Алиса стойко плавала в ледяной воде. Время от времени она выдыхалась, останавливалась, и я вынуждена была лекцию прерывать, грозно командуя:

— Плыви! Плыви!

Всегда готова помочь друзьям, но еще больше вдохновляюсь, когда помощь ограничивается добрым советом. Здесь мне нет равных. Видимо, и в этот раз речь удалась — к нам подтянулась публика. Когда я закончила, они за малым не разразились аплодисментами, чего нельзя сказать об Алиске.

— Ты замучила меня, замучила меня, — пожаловалась эта неблагодарная, когда я ей разрешила наконец покинуть Маркизову Лужу.

— Зато какой румянец! — порадовалась я. — Не пропал даром мой труд.

Алиса же, глупая, рассердилась:

— Какой румянец? Я синяя! Я синяя! Синева и в самом деле имелась, но румянец все же преобладал.
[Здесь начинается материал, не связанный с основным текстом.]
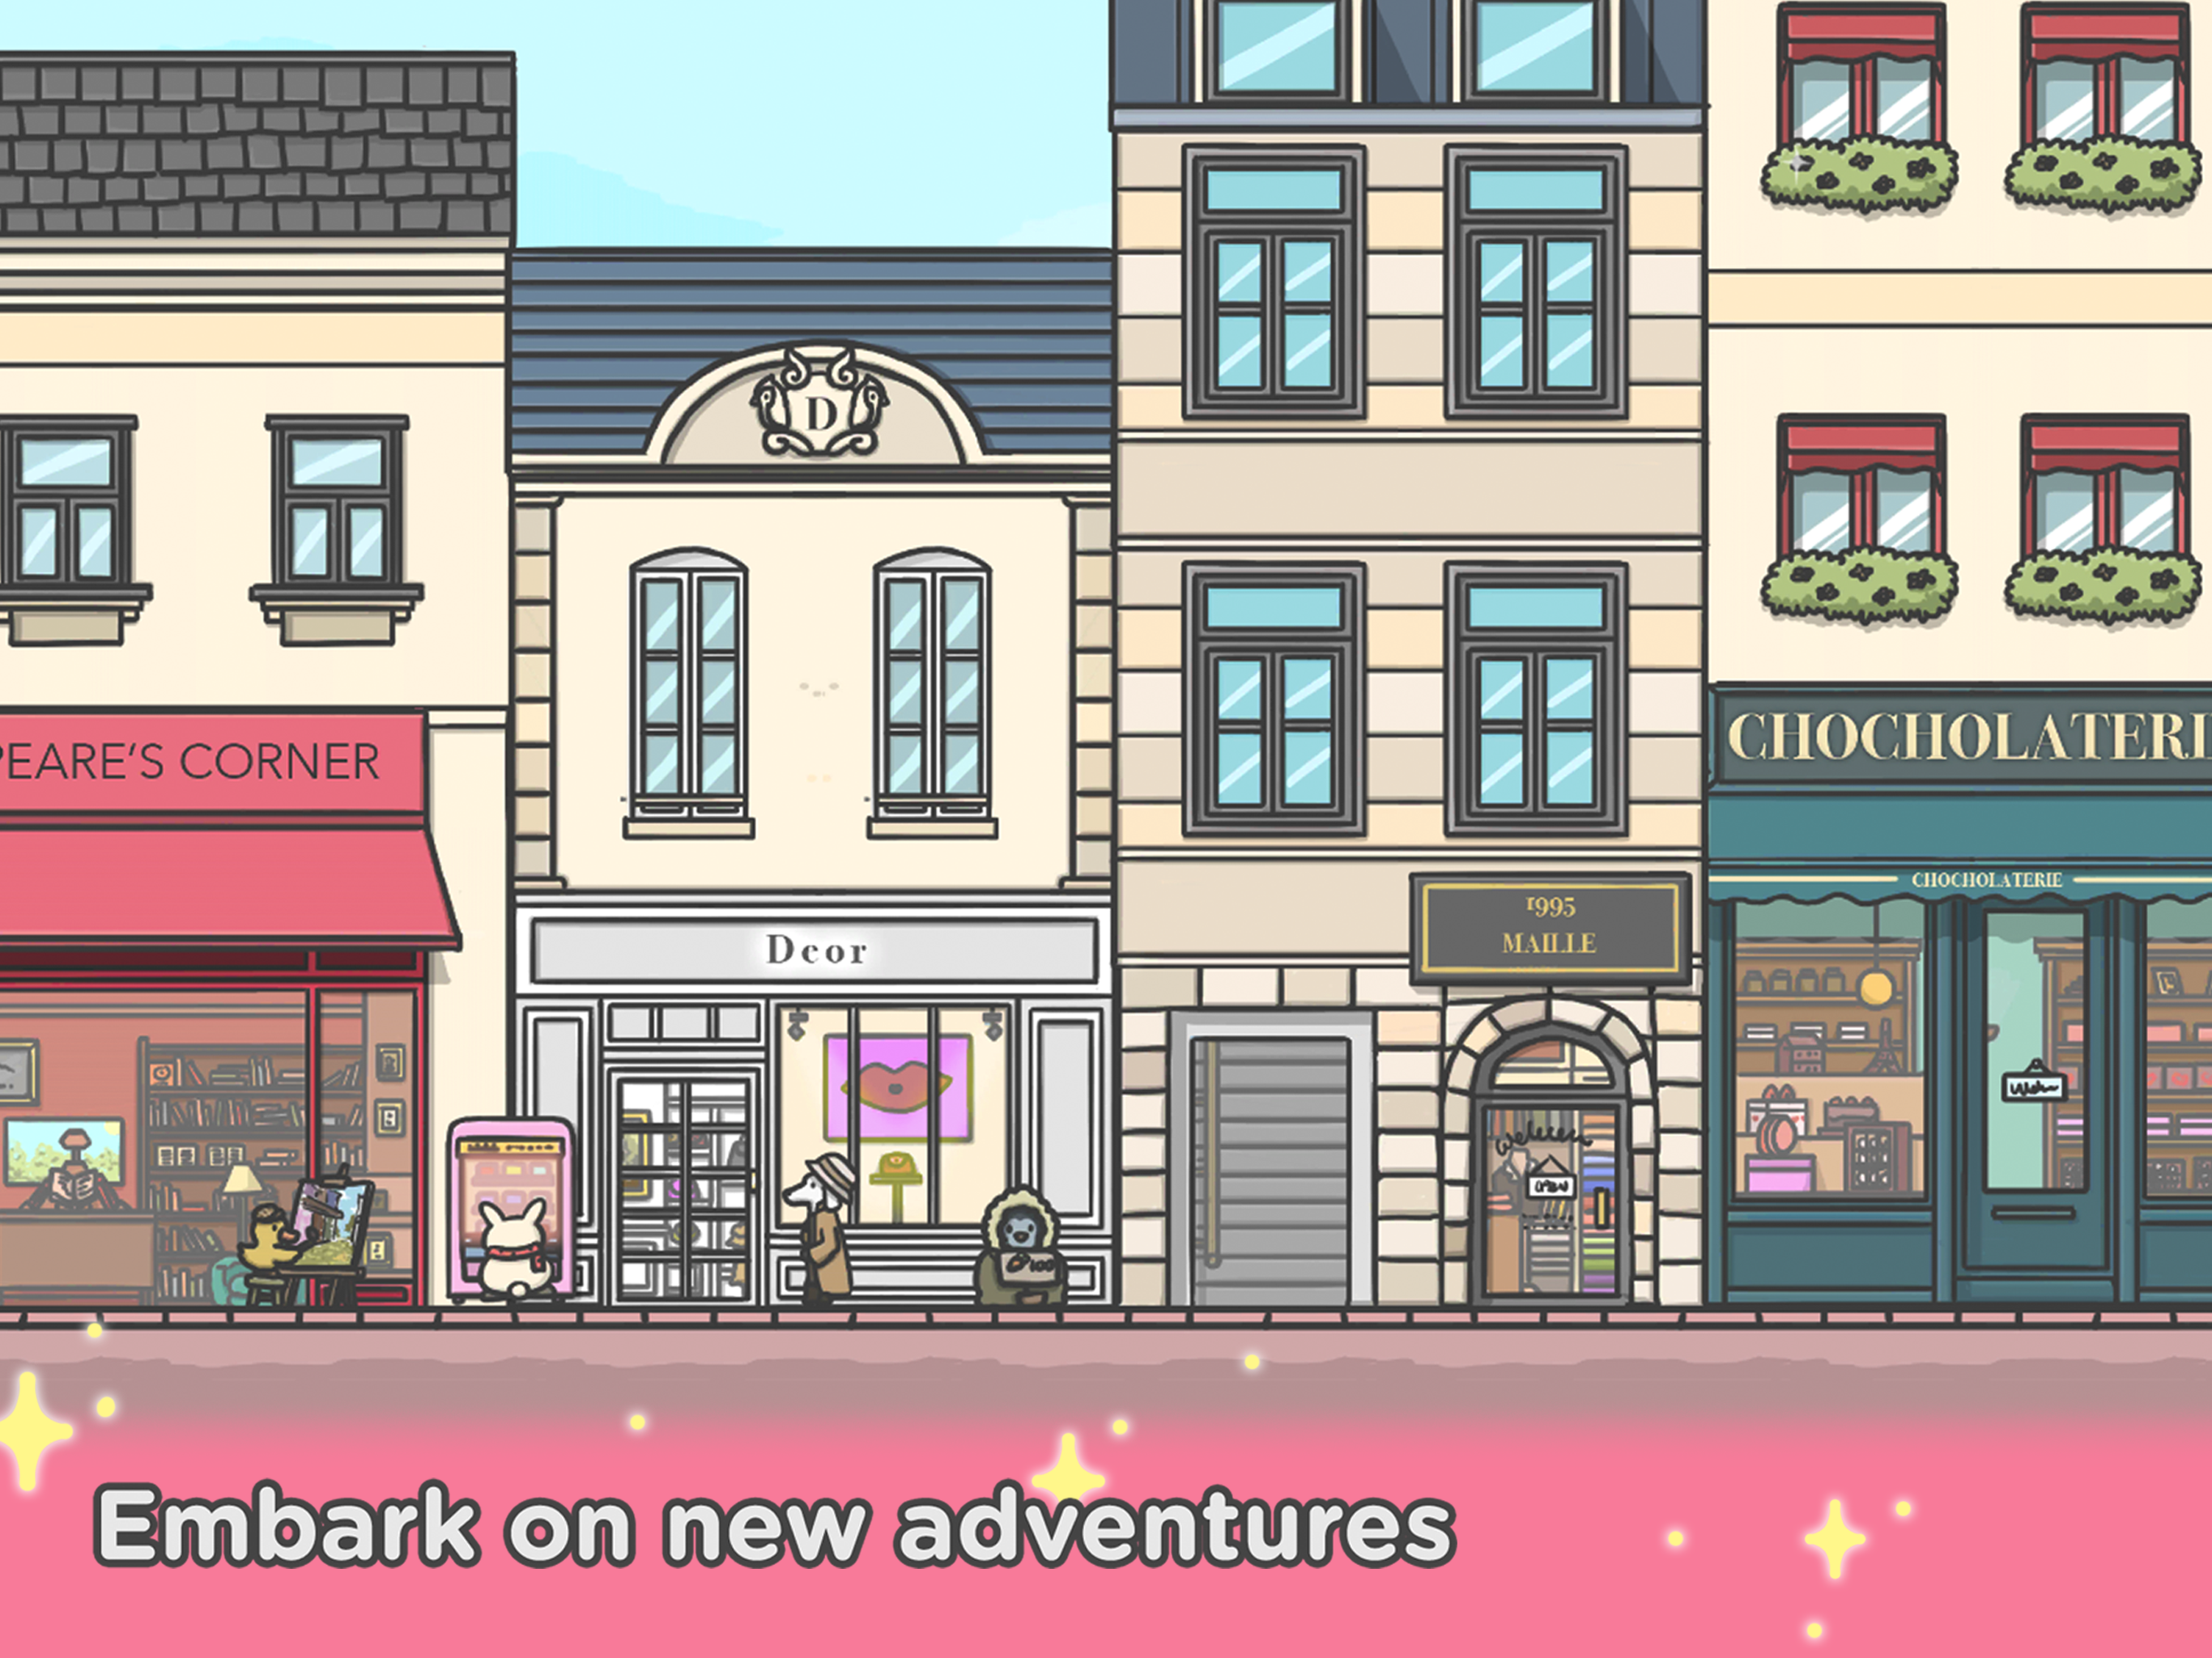 Screenshot of Tsuki Adventure 2

— Не опошляй моих чаяний, — посоветовала я. — Лучше побегай по берегу, укрепи сердце да заодно и согрейся.

Алиса взбунтовалась:

— Нет, я лучше буду лежать.

Она рухнула на согретые солнцем камни и подставила мягким северным лучам свою красивую бронзовую спину. Мне ничего другого не оставалось, как пристроиться рядом. Там и продолжила лекцию. Рассказывая о здоровом образе жизни, я не спускала глаз с Алисы. Она снова хорошела прямо на глазах, но я отметила, что в этот раз гораздо медленнее.

«Сегодня уже поздно, — подумала я, — а завтра надо бы отвезти ее в Сестрорецк, на мою дачу, да погонять там хорошенько. Пускай Алиска окончательно в себя придет и заодно выполет всю сорную траву — разрослась по всей даче безбожно».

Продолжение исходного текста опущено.